In other words, the task is to turn a biased coin into a loaded die.换句话说,任务是将有偏差的硬币变成装好的骰子。

Let's see how these two problems can be solved.让我们看看如何解决这两个问题。

From biased to fair coins从有偏见的硬币到公平的硬币

Assume you have a function COIN() that outputs heads with an unknown probability and tails otherwise.假设您有一个 function COIN()以未知概率输出正面,否则输出反面。 (If the coin is known to have probability 0.5 of producing heads then you already have a fair coin and can skip this step.) (如果已知硬币产生正面的概率为 0.5,那么您已经拥有一枚公平的硬币,可以跳过此步骤。)

Here we can use von Neumann's algorithm from 1951 of turning a biased coin into a fair coin.在这里,我们可以使用 1951 年的冯诺依曼算法,将有偏见的硬币变成公平的硬币。 It works like this:它是这样工作的:

  1. Flip COIN() twice.翻转COIN()两次。
  2. If both results are heads or both are tails, go to step 1.如果两个结果都是正面或两个结果都是反面,go 到步骤 1。
  3. If the first result is heads and the other is tails, take heads as the final result.如果第一个结果是正面,另一个是反面,则以正面为最终结果。
  4. If the first result is tails and the other is heads, take tails as the final result.如果第一个结果是反面,另一个是正面,则以反面作为最终结果。
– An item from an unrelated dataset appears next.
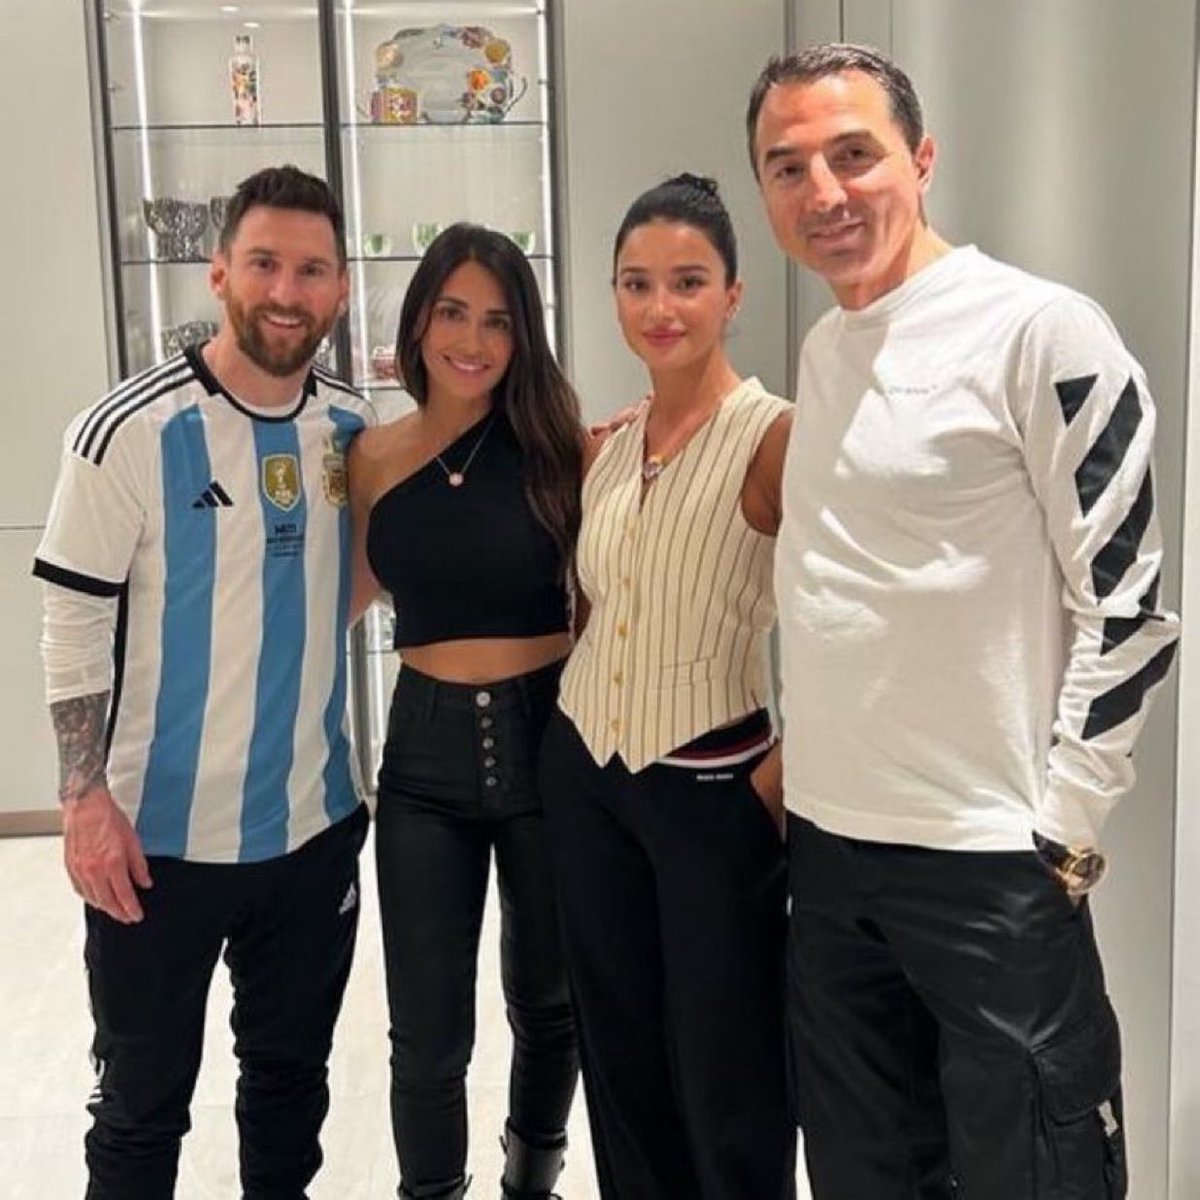 Antonella: “Leo, please dress nicely tonight as we have guests arriving.'

Messi:

Now we have a fair coin FAIRCOIN() .现在我们有一个公平的硬币FAIRCOIN()

(Note that there are other ways of producing fair coins this way, collectively called randomness extractors , but the von Neumann method is perhaps the simplest.) (请注意,还有其他以这种方式生产公平硬币的方法,统称为随机提取器,但冯诺依曼方法可能是最简单的。)

From fair coins to loaded dice从公平的硬币到装好的骰子

Now, the method to turn fair coins into loaded dice is much more complex.现在,将公平硬币变成骰子的方法要复杂得多。 It suffices to say that there are many ways to solve this problem, and the newest of them is called the Fast Loaded Dice Roller , which produces a loaded die using just fair coins (in fact, it uses on average up to 6 fair coin tosses more than the optimal amount to produce each loaded die roll).可以说有很多方法可以解决这个问题,其中最新的称为快速加载骰子滚轮,它只使用公平的硬币产生一个加载的骰子(实际上,它平均使用多达 6 次公平的硬币投掷超过生产每个加载的模具辊的最佳数量)。 The algorithm is not exactly trivial to implement, but see my Python implementation and the implementation by the Fast Loaded Dice Roller 's authors.该算法实现起来并不简单,但请参阅我的Python 实现Fast Loaded Dice Roller的作者的实现。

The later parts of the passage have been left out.